As I also said immediately, it is easy for me to see how these sentences could be read naturally to be an asserted demonstration of causality. And as I also said at that time “the responsibility for lack of clarity rests on the shoulders of the author, not the reader.” I acknowledged this, and thanked my interlocutors for improving my expression; I continue to do both.
Criticism 4: The fact that the difference in total GDP performance between Europe and the U.S. is entirely due to different population growth rates proves that it can not have been caused by the social welfare state.

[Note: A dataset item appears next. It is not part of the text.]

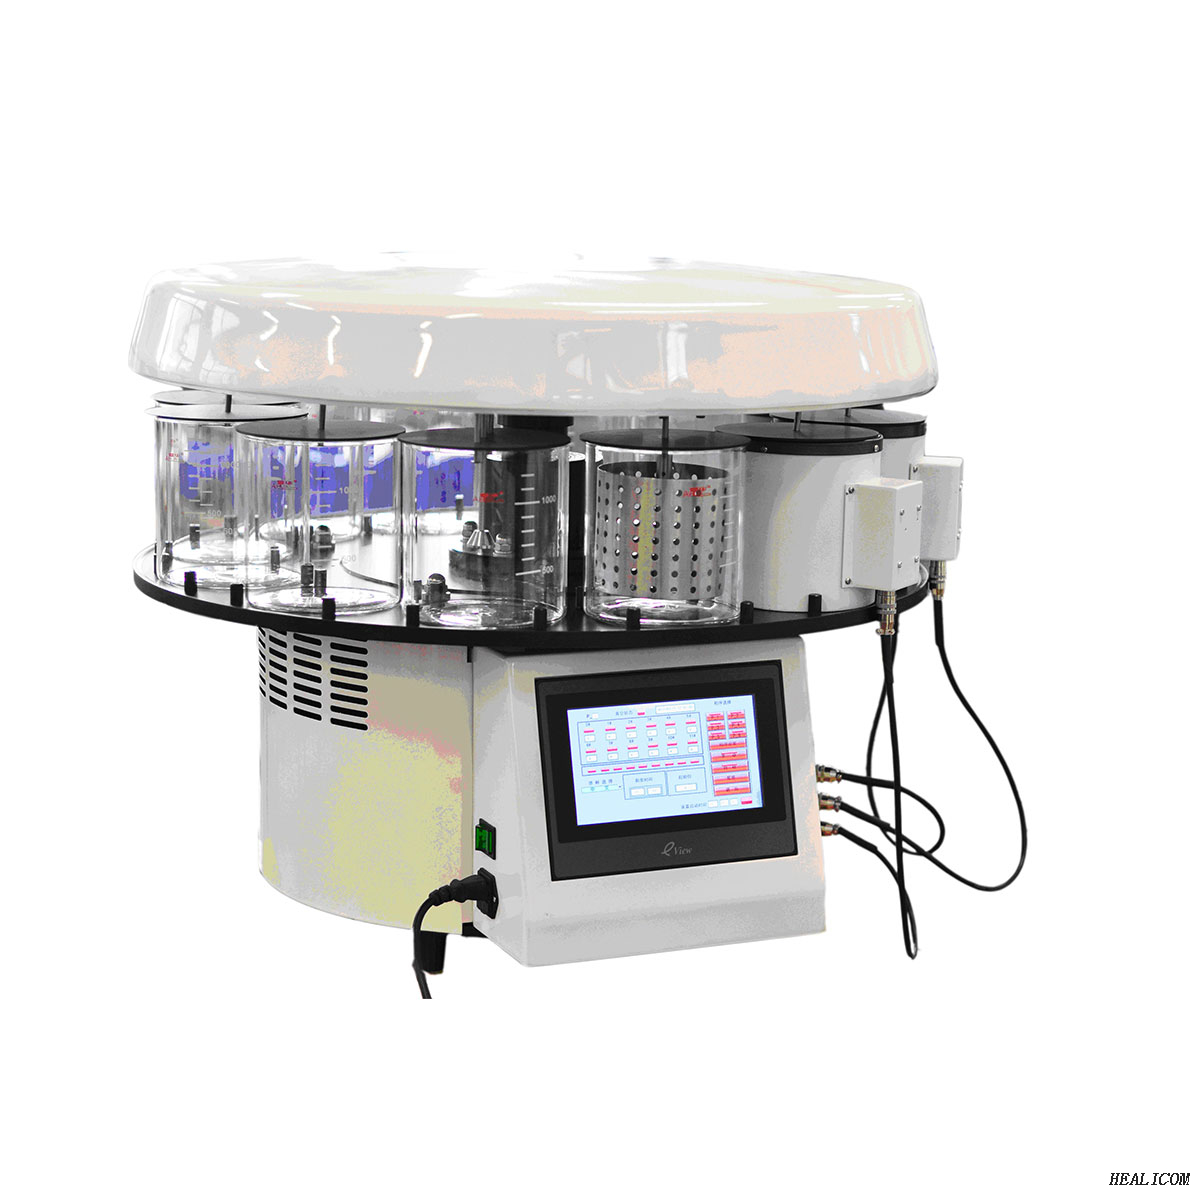 Patologia Attrezzatura da laboratorio HAD-1C Macchina automatica per la disidratazione Processore automatico dei tessuti (vuoto)

In effect, this argument is that GDP = GDP / Person X Population, and that GDP / Person has grown at about the same rate in the U.S. and Europe over the past several decades, so the only real difference has been population growth. This is a factually (approximately) correct statement. There are two big problems with arguing that this shows that therefore differences in political economy of the welfare state did not matter to this difference in outcome. Both are counterfactual problems. First, just because growth in per capita GDP turned out to be the same in this period, it does not follow that had the U.S. adopted policies more like those in Europe that growth rates would not have have been lower, and per capita GDP converged. It is almost always harder to maintain a lead. Europe and the U.S. had previously been on a generally converging path of GDP / Person, and maintaining this lead in productivity (by this metric) was very far from preordained. Second, it assumes that the political economy of the welfare state can not affect population growth, either through impacting fertility or impacting immigration. There are many plausible models for how this can happen. We can’t know through econometric analysis (whether of the simple “I just know that the welfare state can’t influence fertility or immigration” variety cited in the title of this section, or of the more sophisticated variety that attempt to control for other factors) what U.S. population growth and per capita GDP growth would have been had the U.S. adopted different social welfare policies.
Many variants of these criticisms have been repeated over and again through a certain segment of the blogosphere. I have here answered each of them directly, and I believe comprehensively. In any event, barring new information brought to the debate, this is where I intend to leave it.